The airline industry was one of the sectors that was hardest hit by the COVID-19 pandemic. Then came the period of supply chain challenges and high inflation. Navigating those obstacles was rough, but Delta did so, and eventually returned to its pre-pandemic form, which set the stage for a massive run-up in its stock price last year.
Delta is well-positioned to keep up its momentum in the new year. Its partnership with American Express is helping to diversify its revenue beyond passenger tickets while boosting loyalty and engagement. These efforts should partially insulate Delta's performance from the ebbs and flows in the broader economy.
The airline's debt burden understandably soared in the early phases of the pandemic, reaching roughly $33 billion in total debt by the end of 2022. Since then, management has cut it nearly in half. As of 2024's third quarter, Delta had reduced its total debt burden to $17.7 billion with plans to reduce it an additional $1.6 billion by the end of the year. Delta's balance sheet remains fairly leveraged, but the situation is improving.
Even in good economic times, airline stocks tend to sport dirt-cheap valuations due to the industry's cyclical nature and a poor track record of long-term returns. Even after its monster performance in 2024, Delta still has a price-to-earnings (P/E) ratio of just 8.5, and a forward P/E ratio of 8.2 -- a reflection of just how beaten down the stock was heading into 2024.
With a modest 1% dividend yield at the current share price, Delta isn't a passive income powerhouse. But it stands out as a good buy for investors who think consumer demand for travel will remain strong and expect Delta to continue diversifying its business.
There's still room to run for energy infrastructure companies
Lee Samaha (Global X MLP & Energy Infrastructure ETF): With stock price gains of almost 36% in 2024, this ETF easily beat the S&P 500's rise of 23.3%. Its outperformance gets even better on a total return basis (including dividends reinvested). On that score, the ETF clocked returns of almost 43% compared to the S&P's 25%.
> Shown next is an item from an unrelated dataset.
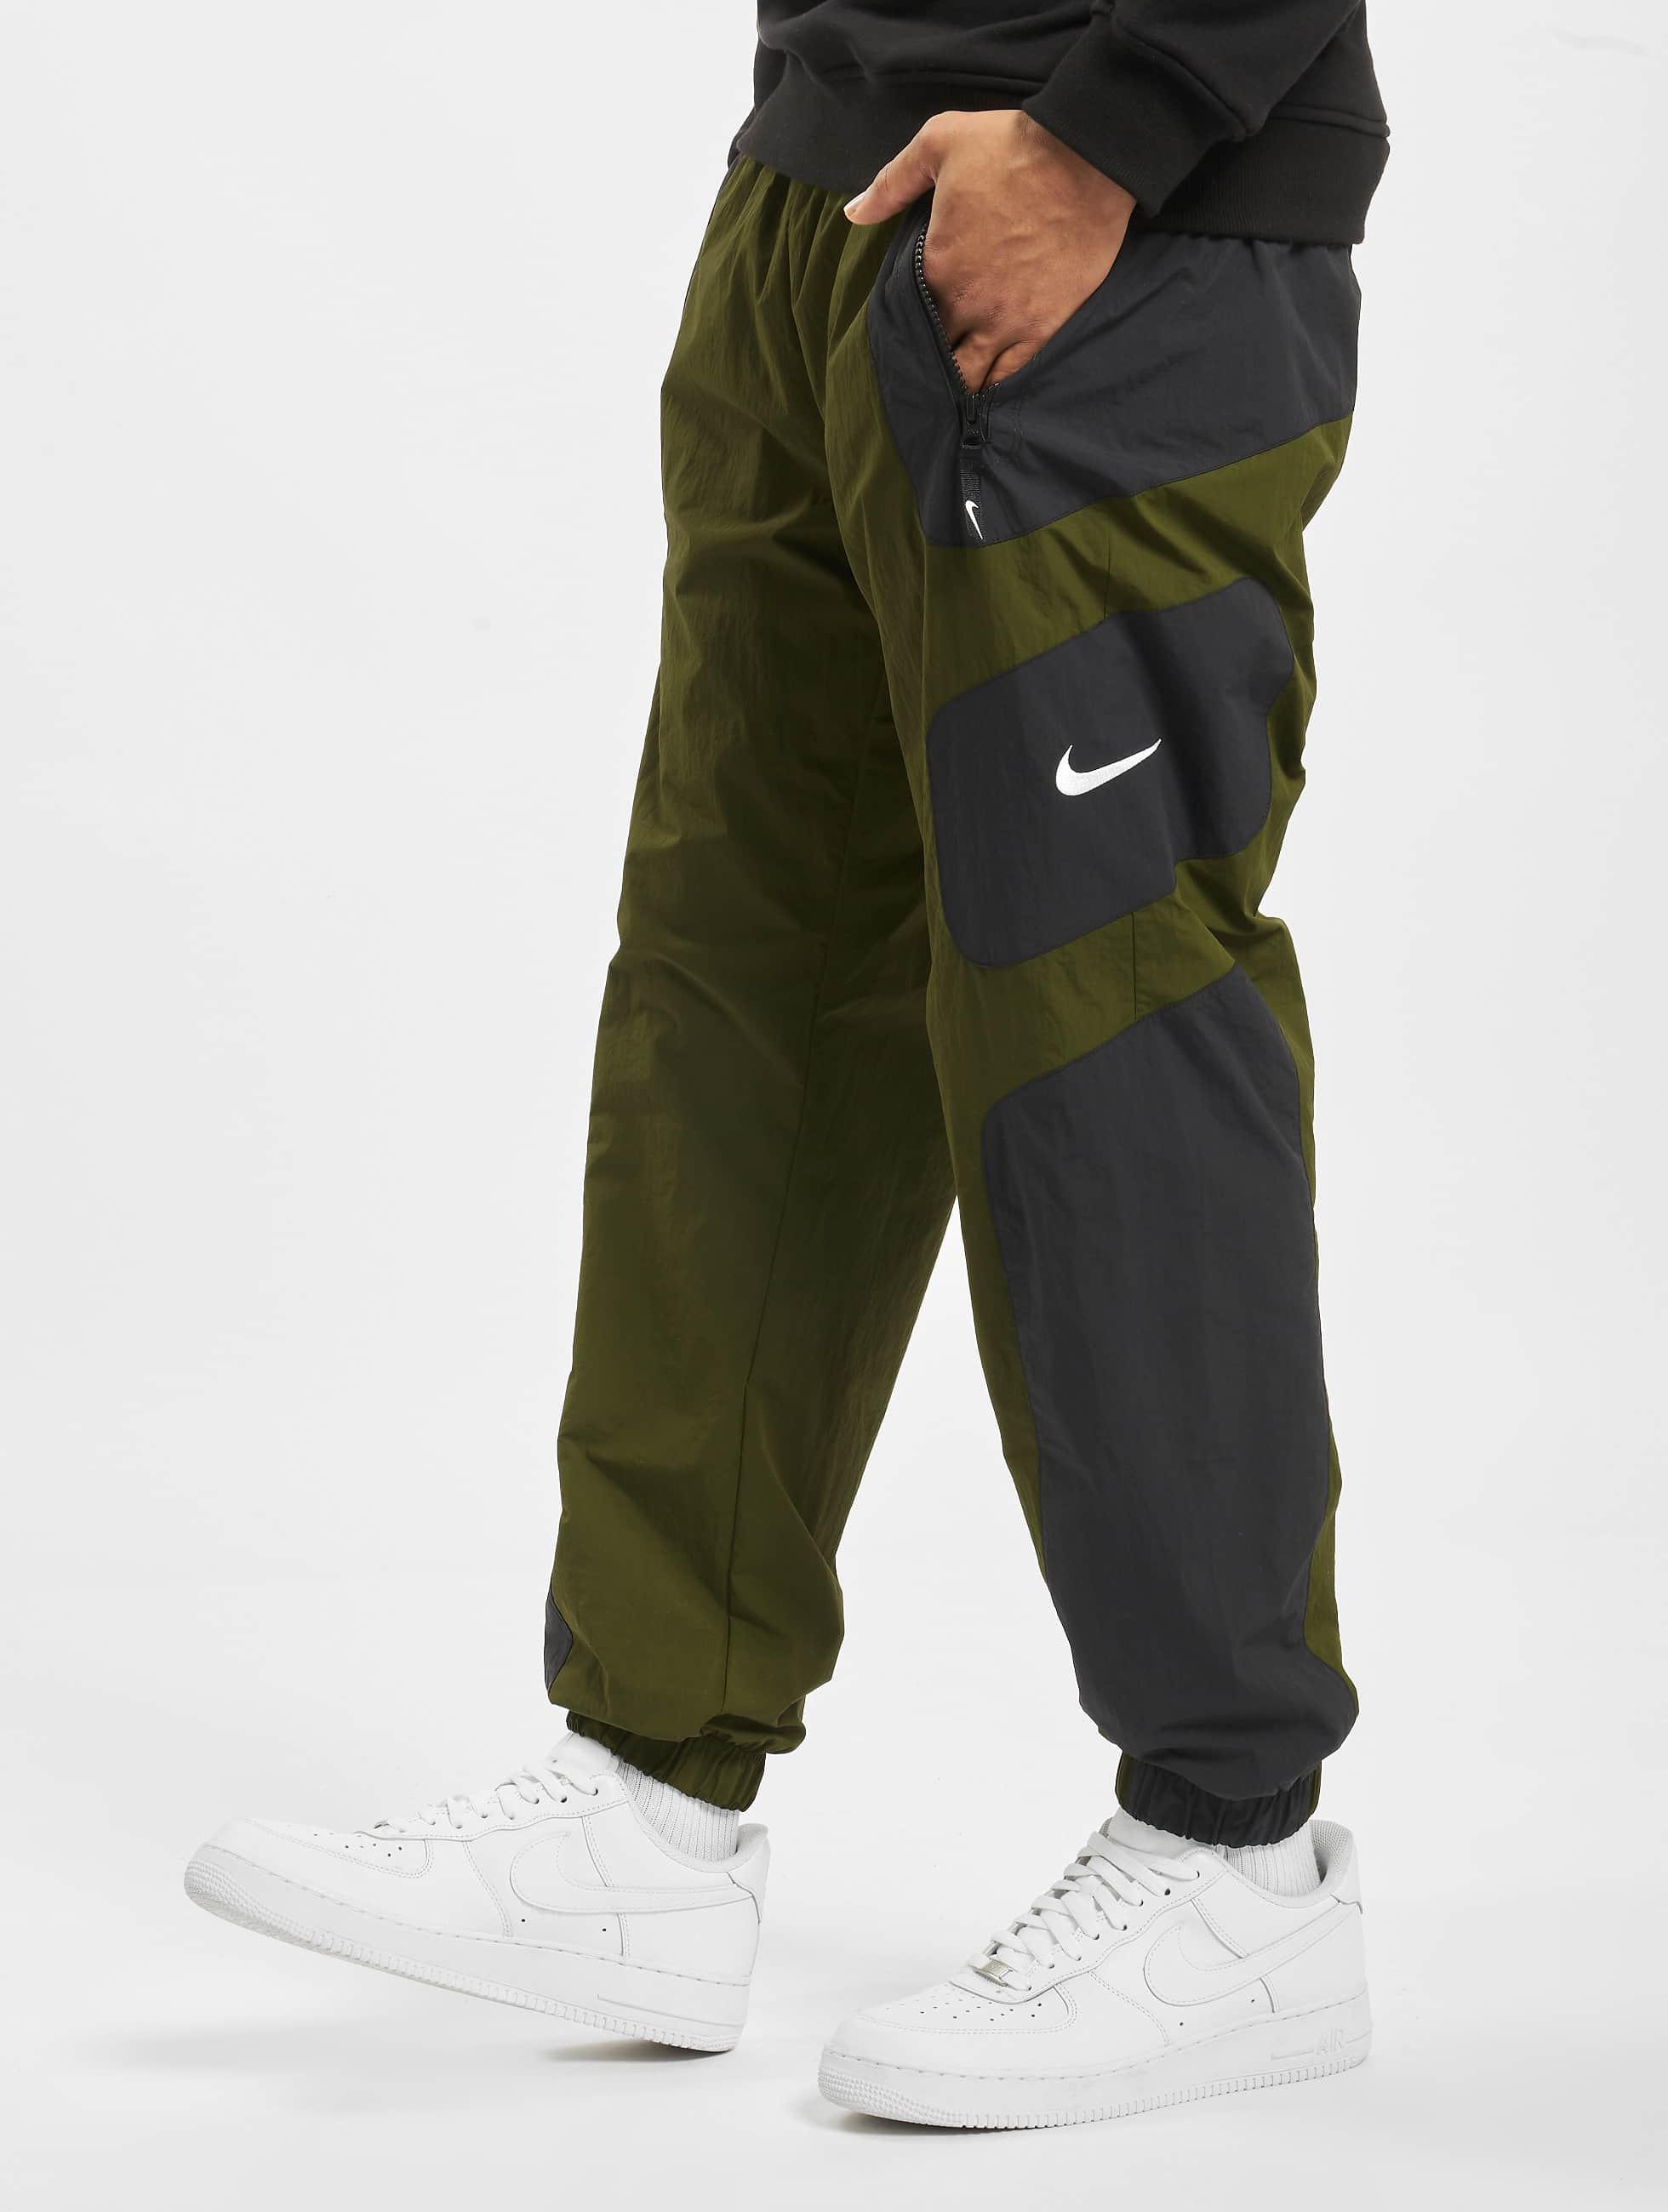 Nike Re Issue Woven Sweat Pants BlackLegion GreenWhite

With such returns in its immediate past, it is understandable that some investors might doubt that the Global X MLP & Energy Infrastructure ETF has the potential to deliver another market-busting year in 2025. I think it's entirely possible, and its current dividend yield of 4.3% doesn't hurt its chances.
As the name suggests, this ETF invests in master limited partnerships (MLPs) and other players in the midstream energy infrastructure space, such as pipeline and storage companies. The five largest positions in its current portfolio of 25 stocks are high-yielding energy infrastructure companies such as oil and natural gas pipeline storage and renewable energy company Enbridge, gas processing and transportation company Williams Companies, oil and gas midstream company Oneok, gas pipeline and terminal operator Kinder Morgan, and LNG provider Cheniere Energy.
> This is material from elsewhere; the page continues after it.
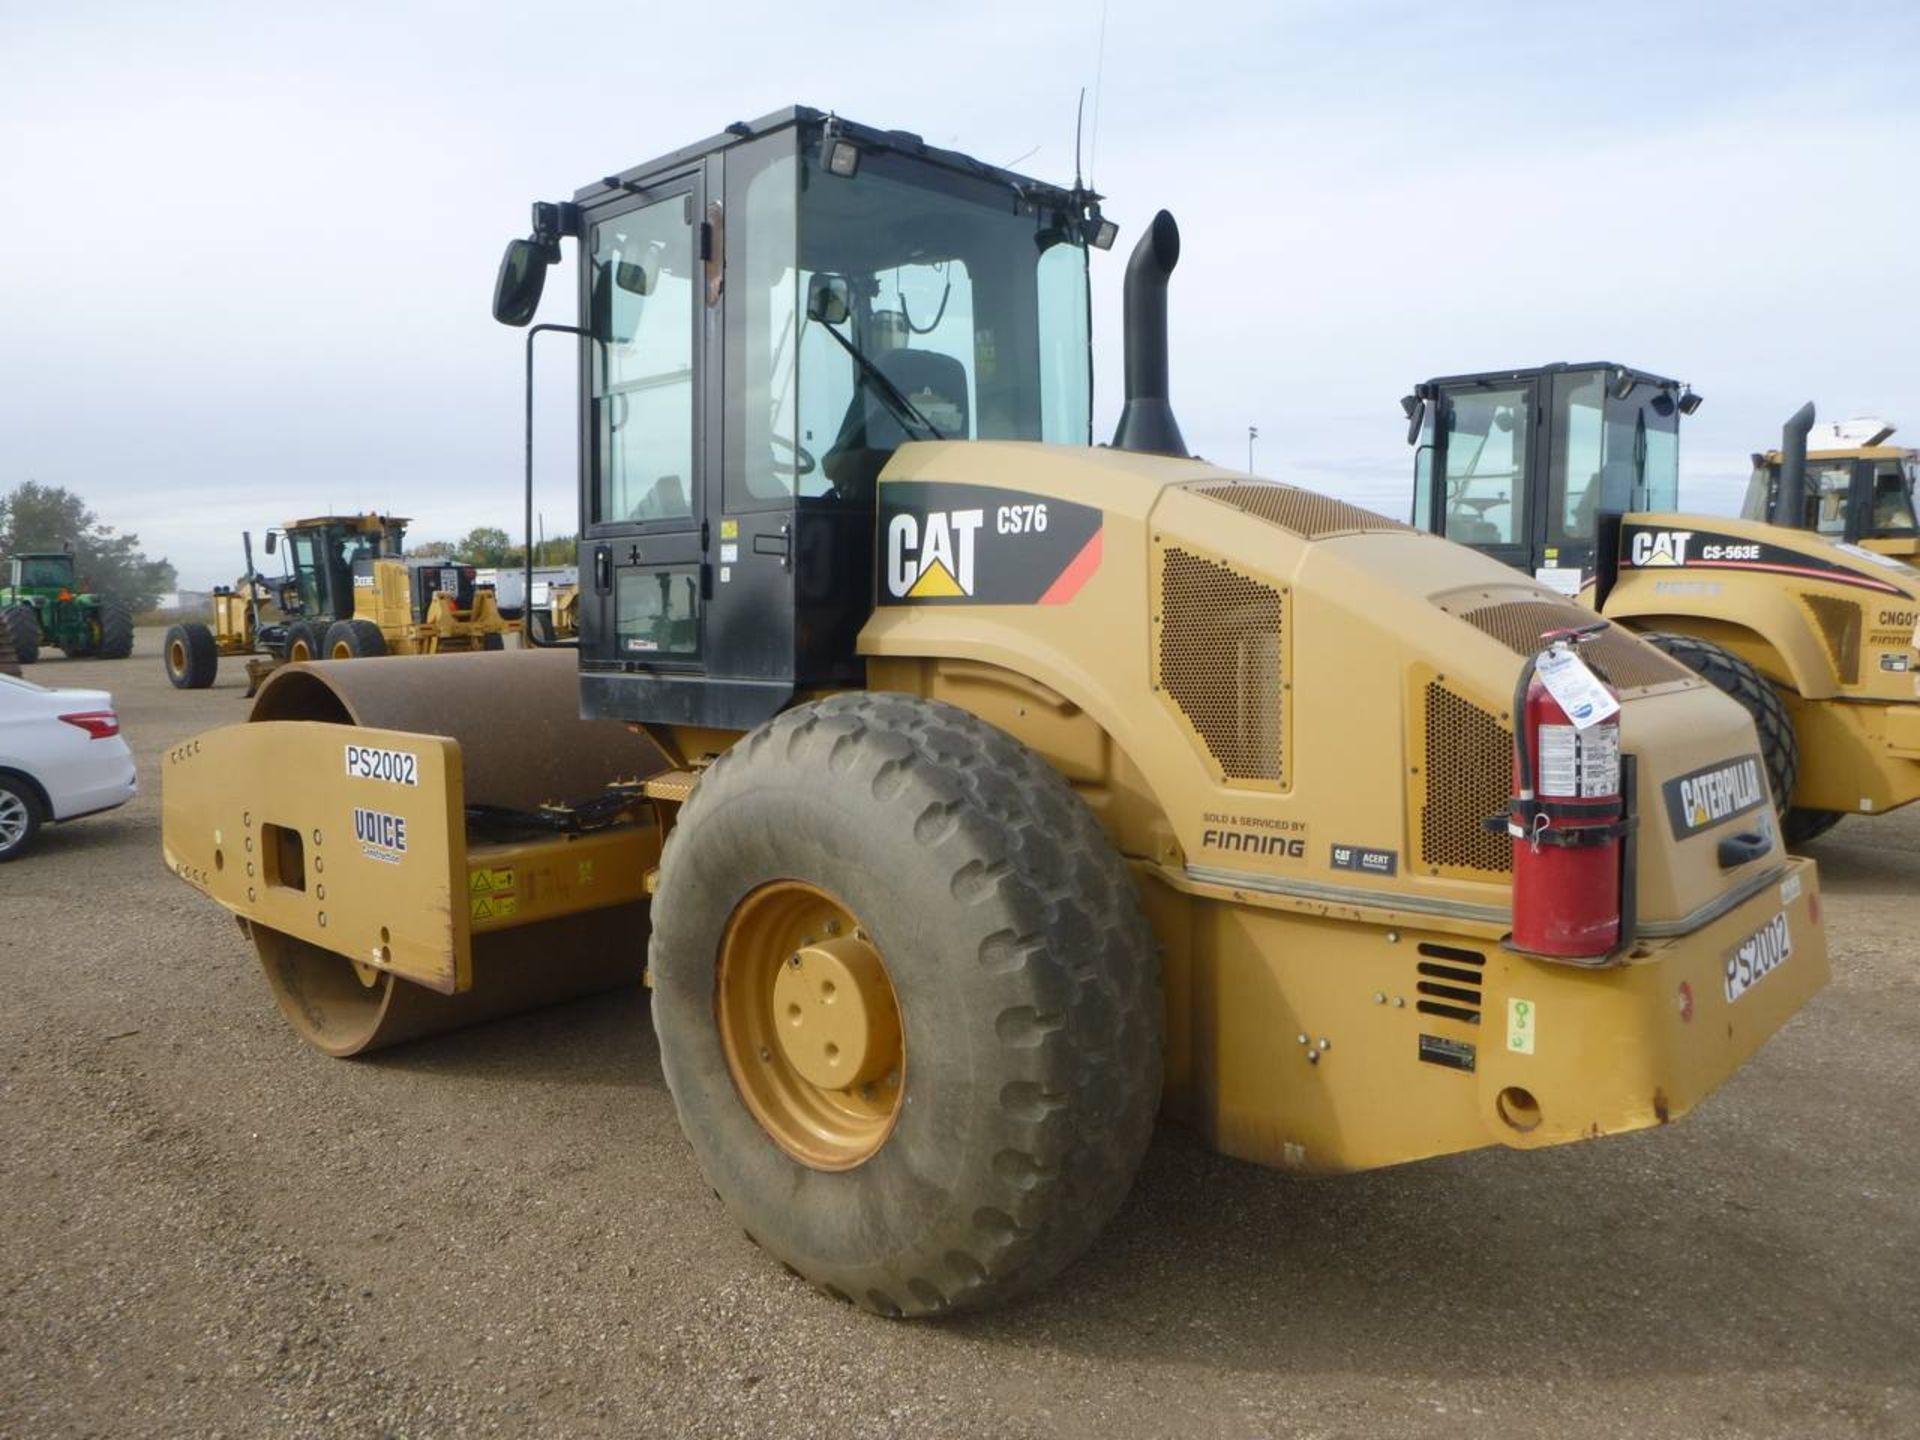 2011 Caterpillar CS76 Compactor - Image 4 of 9

In a nutshell, it's a play on the long-term growth of the oil and natural gas industry in the U.S. and the potential for producers to export liquefied natural gas via terminals in the U.S. With a more fossil-fuel-friendly administration coming to the White House, growth on that front looks more likely. In addition, there's been something of a shift over the last year in how the market views the outlook for fossil fuels.
It's not so much that investors are denying that an energy transition is underway, but that more of them are coming to recognize that the costs and complexities of shifting to renewable energy sources may have been underestimated in the race to net zero. That's leading the market to conclude that the pace of the transition will likely be slower than many previously expected, and in that light, the role of natural gas, in particular, as a transition fuel is being positively reassessed. That should mean more profits for longer for natural gas companies, and particularly for the MLPs that store and transport it.